Start of Block

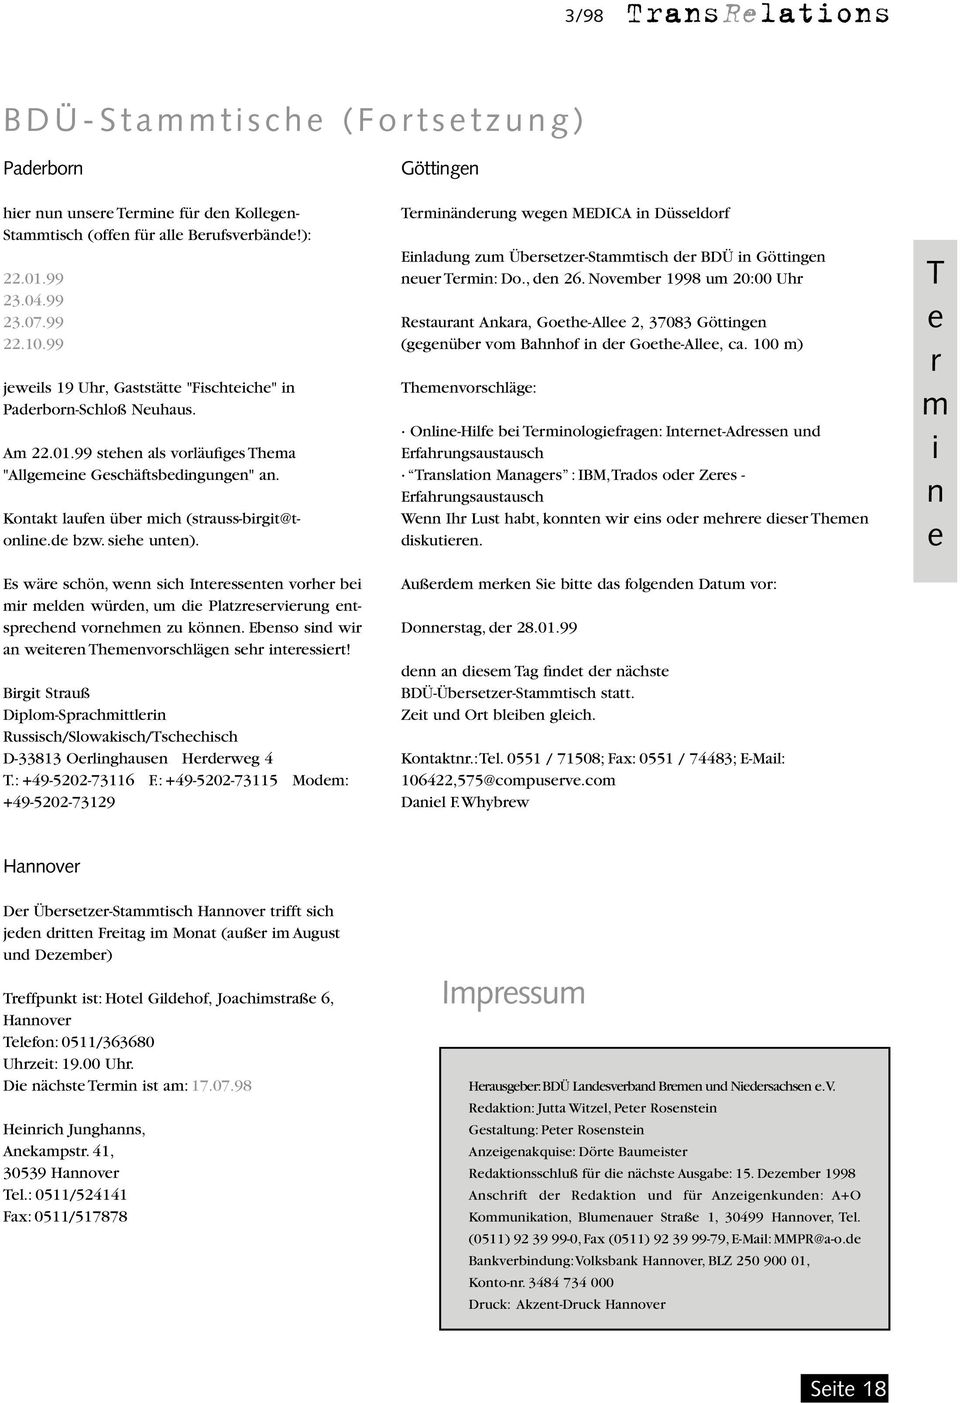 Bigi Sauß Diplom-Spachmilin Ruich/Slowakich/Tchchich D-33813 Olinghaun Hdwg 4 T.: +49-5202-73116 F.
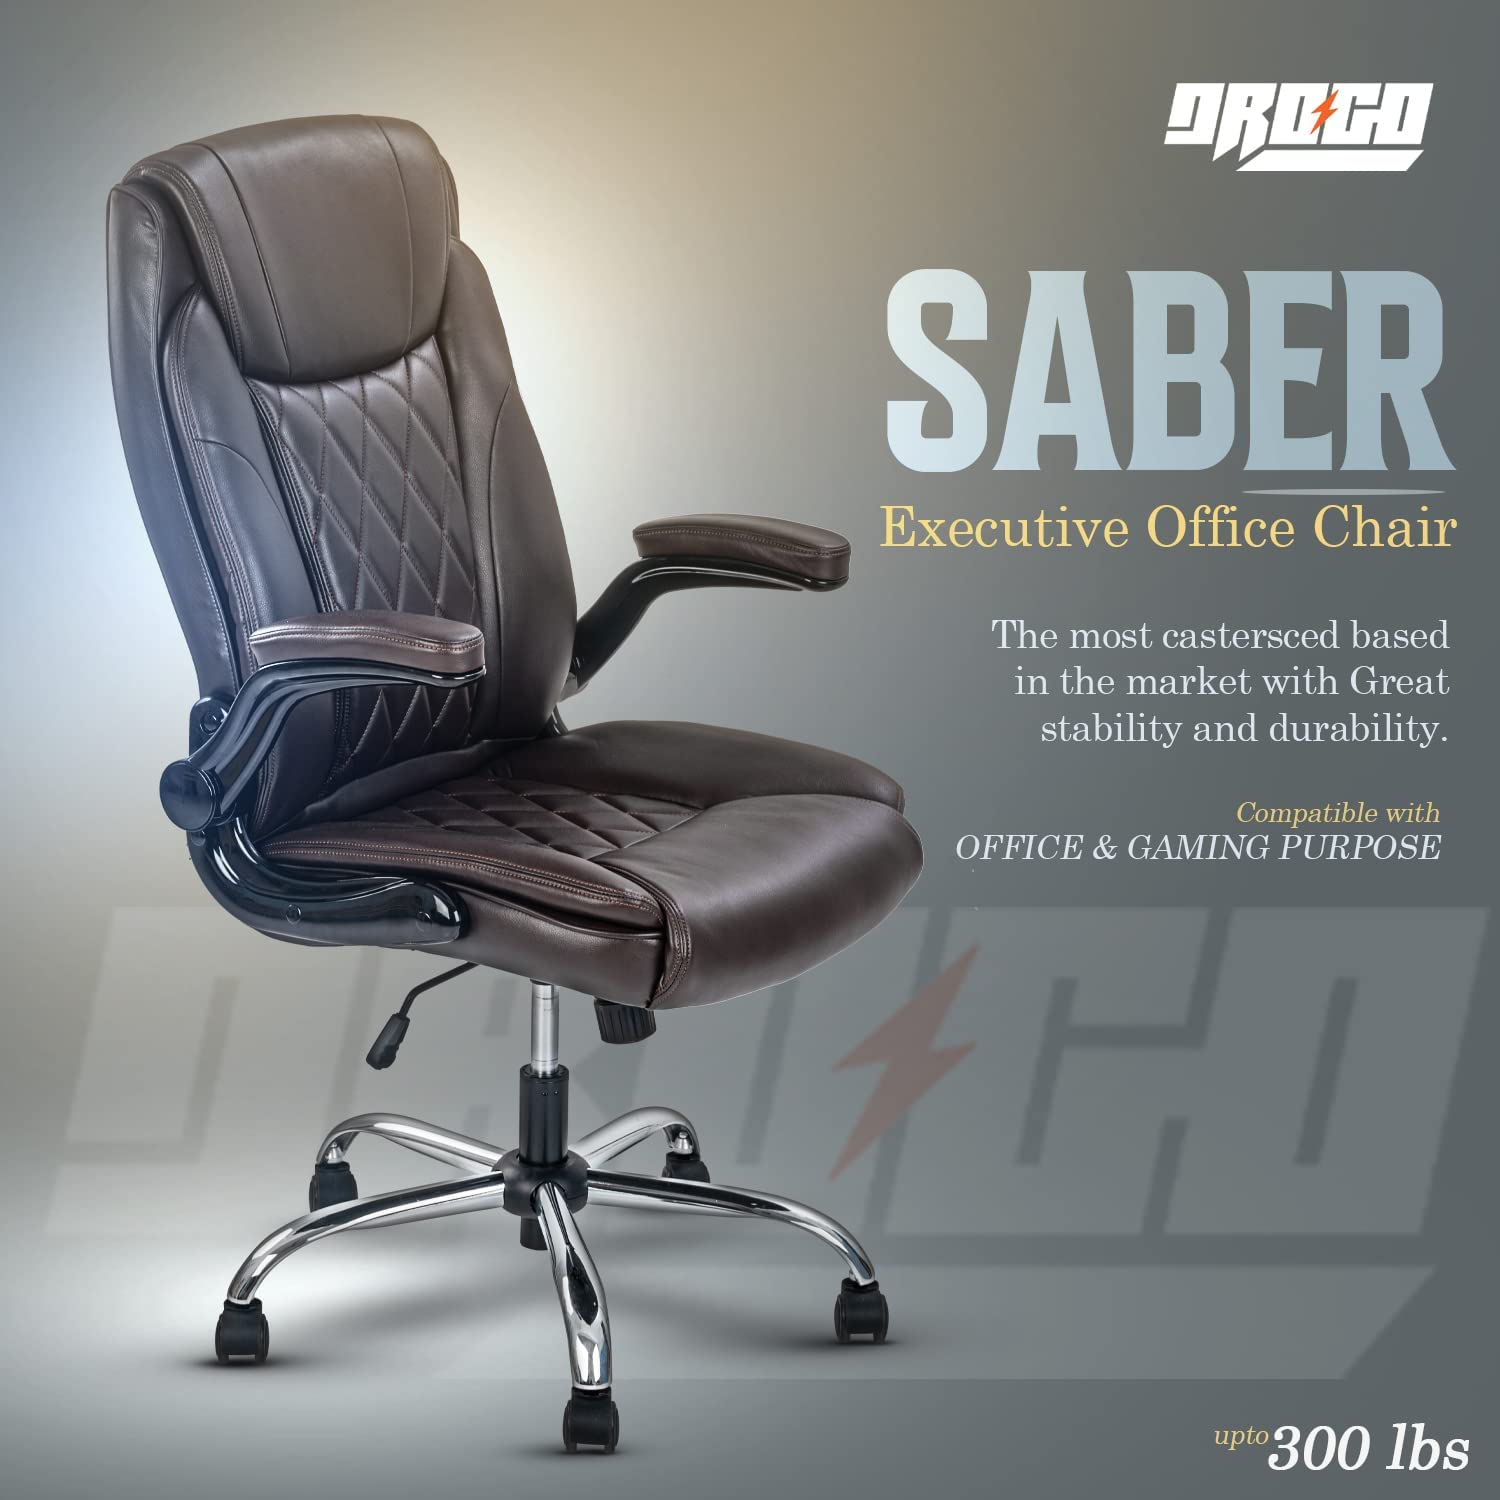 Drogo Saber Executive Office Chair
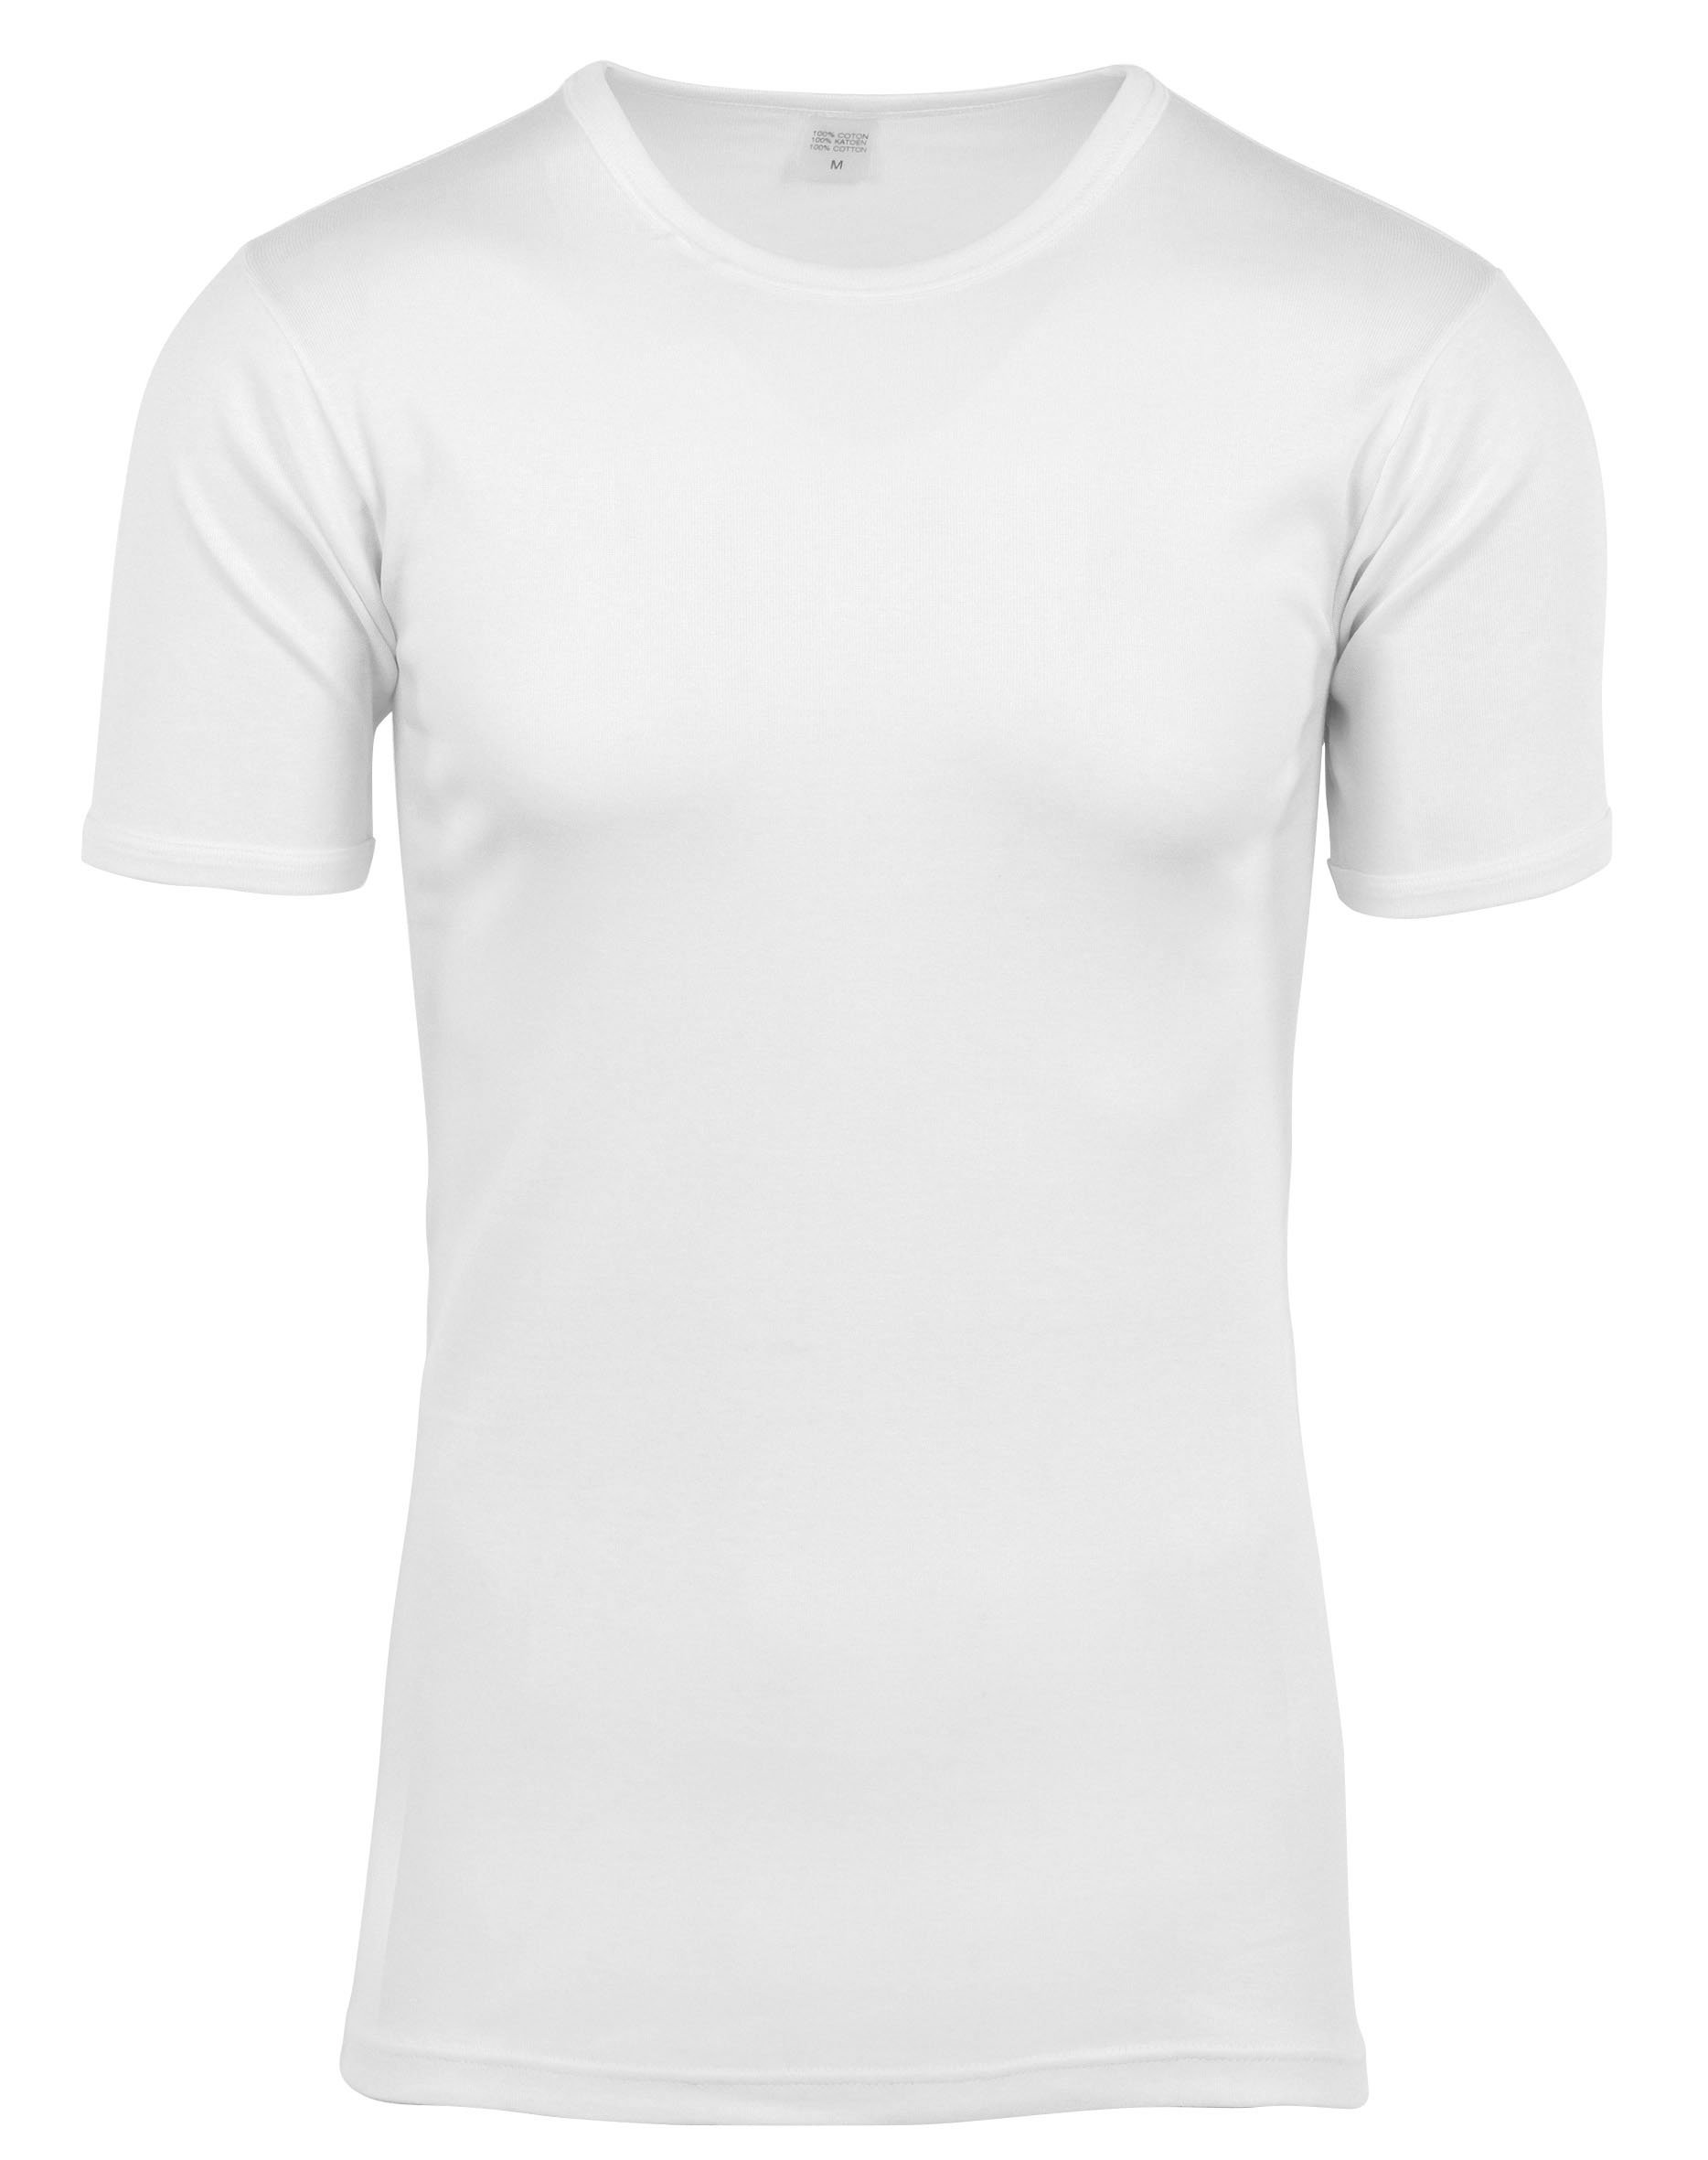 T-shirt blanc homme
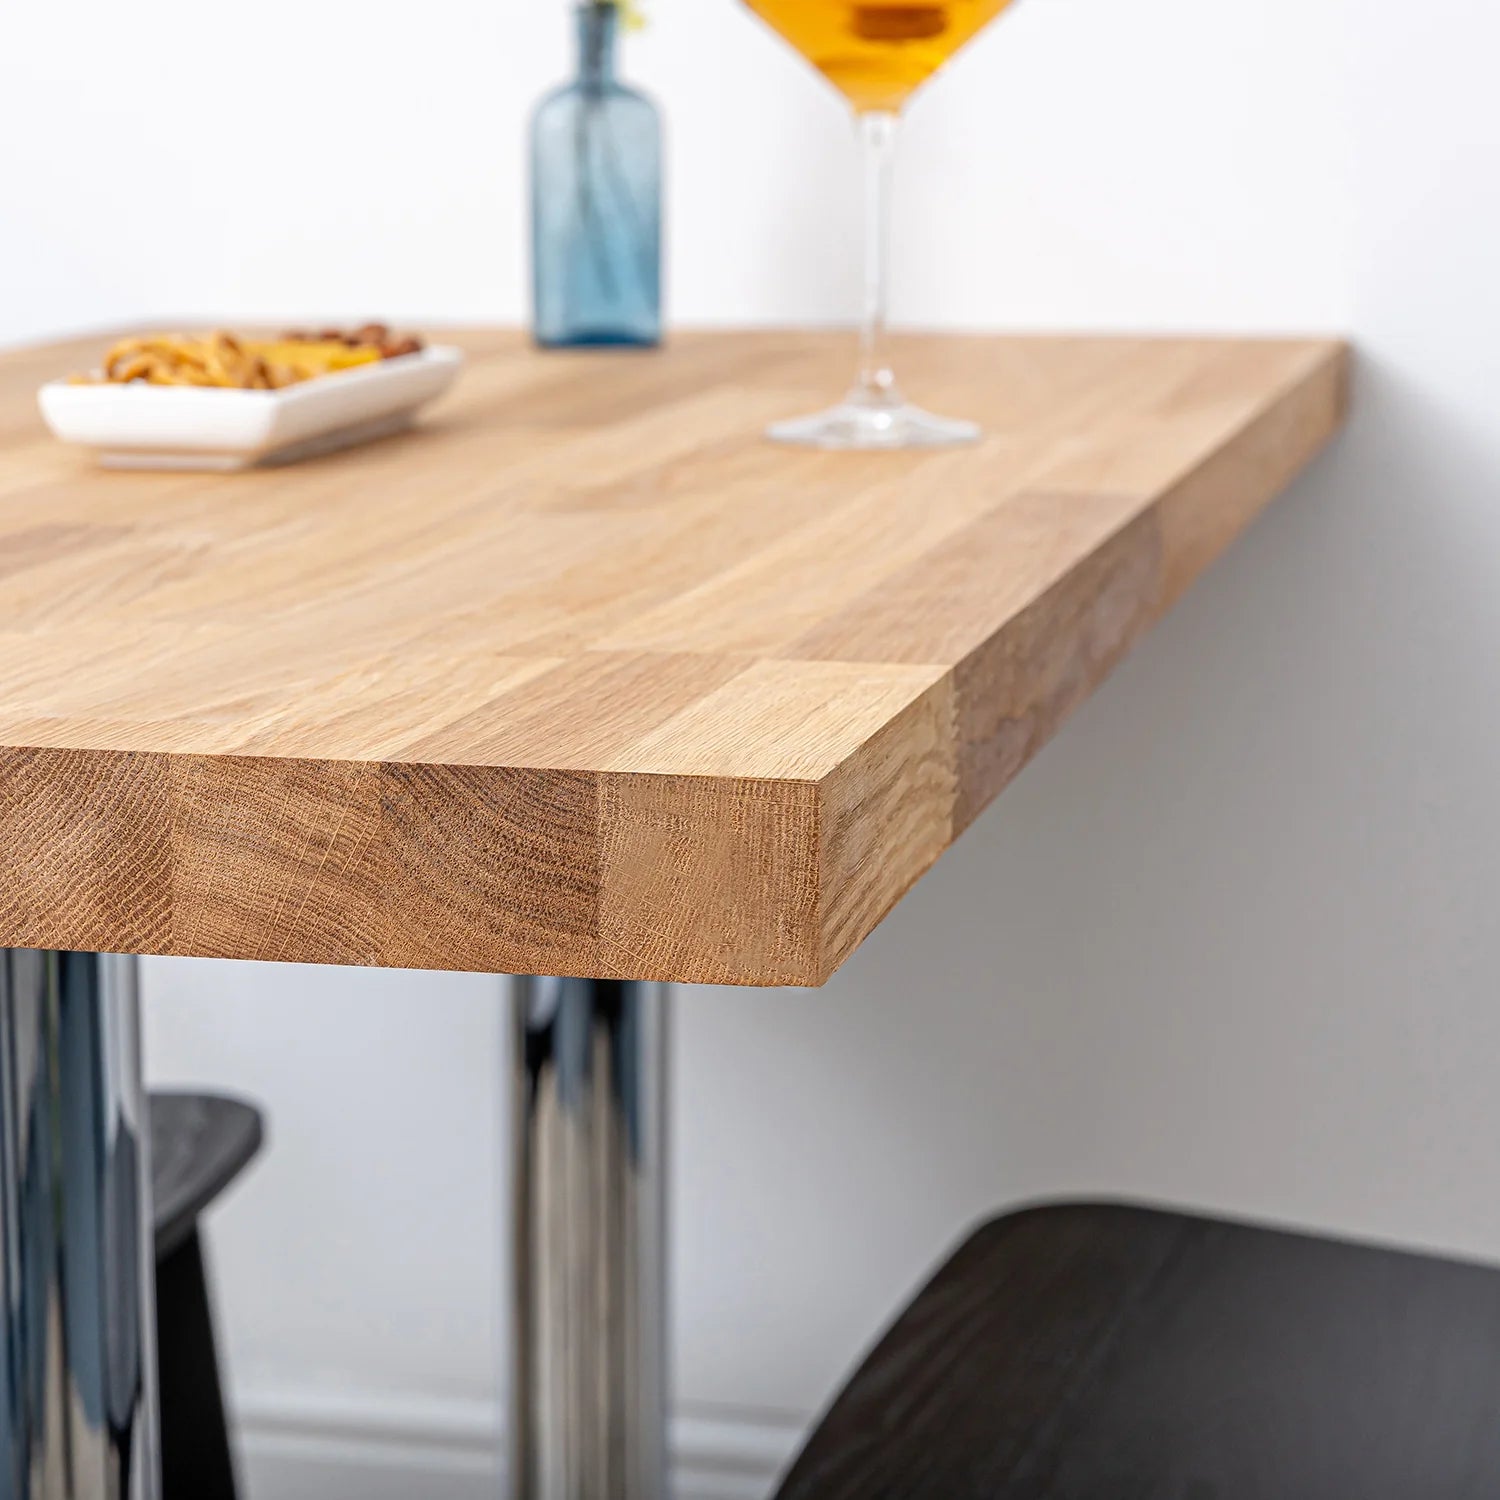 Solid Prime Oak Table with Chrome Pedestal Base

End of Block

Please print all the lines above exactly as given and leave out every picture.

> Result:
 Bigi Sauß Diplom-Spachmilin Ruich/Slowakich/Tchchich D-33813 Olinghaun Hdwg 4 T.: +49-5202-73116 F.
 Drogo Saber Executive Office Chair
 T-shirt blanc homme
 Solid Prime Oak Table with Chrome Pedestal Base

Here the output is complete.